What are selective functors?

While you're encouraged to read the paper, here is a brief description of the main idea. Consider the following new type class introduced between Applicative and Monad:

class Applicative f => Selective f where
    select :: f (Either a b) -> f (a -> b) -> f b

-- | An operator alias for 'select'.
(<*?) :: Selective f => f (Either a b) -> f (a -> b) -> f b
(<*?) = select

infixl 4 <*?

Think of select as a selective function application: you must apply the function of type a -> b when given a value of type Left a, but you may skip the function and associated effects, and simply return b when given Right b.

Note that you can write a function with this type signature using Applicative functors, but it will always execute the effects associated with the second argument, hence being potentially less efficient:

selectA :: Applicative f => f (Either a b) -> f (a -> b) -> f b
selectA x f = (\e f -> either f id e) <$> x <*> f

Any Applicative instance can thus be given a corresponding Selective instance simply by defining select = selectA. The opposite is also true in the sense that one can recover the operator <*> from select as follows (I'll use the suffix S to denote Selective equivalents of commonly known functions).

apS :: Selective f => f (a -> b) -> f a -> f b
apS f x = select (Left <$> f) ((&) <$> x)

Here we wrap a given function a -> b into Left and turn the value a into a function ($a), which simply feeds itself to the function a -> b yielding b as desired.
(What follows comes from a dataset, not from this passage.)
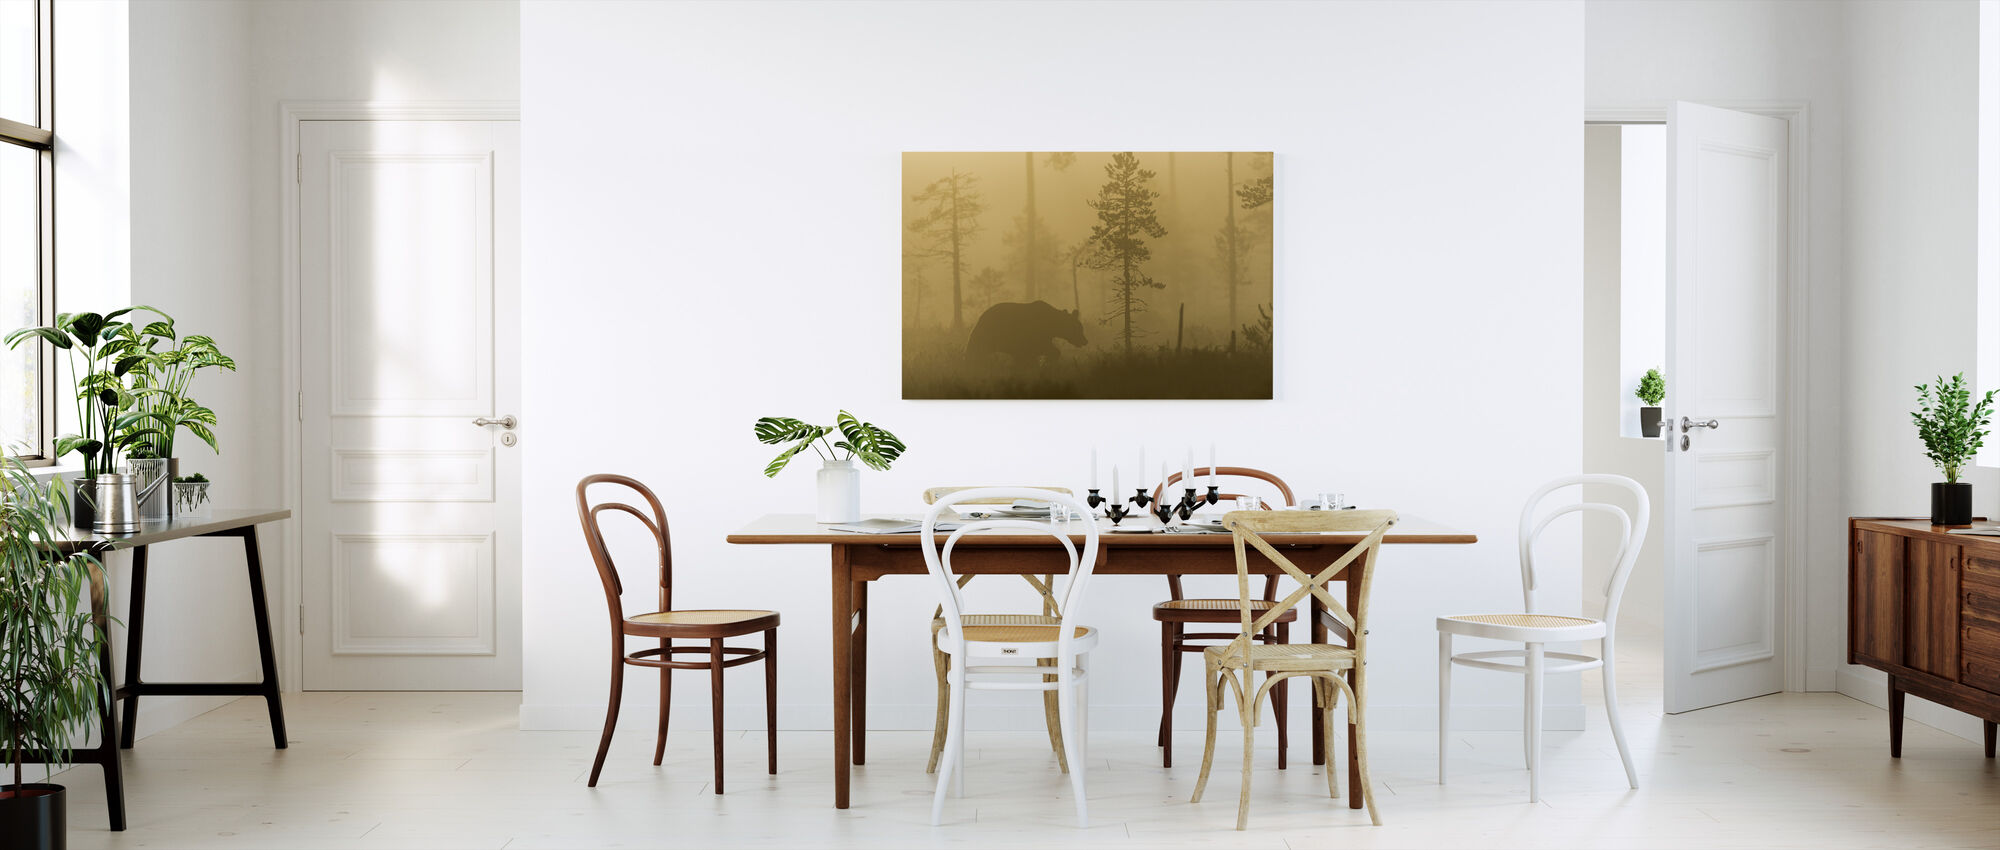 Bear in Morning Fog - Canvas print - Kitchen

Note: apS is a perfectly legal application operator <*>, i.e. it satisfies the laws dictated by the Applicative type class as long as the laws of the Selective type class hold.

The branch function is a natural generalisation of select: instead of skipping an unnecessary effect, it chooses which of the two given effectful functions to apply to a given argument; the other effect is unnecessary. It is possible to implement branch in terms of select, which is a good puzzle (give it a try!).

branch :: Selective f => f (Either a b) -> f (a -> c) -> f (b -> c) -> f c
branch = ... -- Try to figure out the implementation!

Finally, any Monad is Selective:

selectM :: Monad f => f (Either a b) -> f (a -> b) -> f b
selectM mx mf = do
    x <- mx
    case x of
        Left  a -> fmap ($a) mf
        Right b -> pure b

Selective functors are sufficient for implementing many conditional constructs, which traditionally require the (more powerful) Monad type class. For example:

-- | Branch on a Boolean value, skipping unnecessary effects.
ifS :: Selective f => f Bool -> f a -> f a -> f a
ifS i t e = branch (bool (Right ()) (Left ()) <$> i) (const <$> t) (const <$> e)

-- | Conditionally perform an effect.
whenS :: Selective f => f Bool -> f () -> f ()
whenS x act = ifS x act (pure ())

-- | Keep checking an effectful condition while it holds.
whileS :: Selective f => f Bool -> f ()
whileS act = whenS act (whileS act)

-- | A lifted version of lazy Boolean OR.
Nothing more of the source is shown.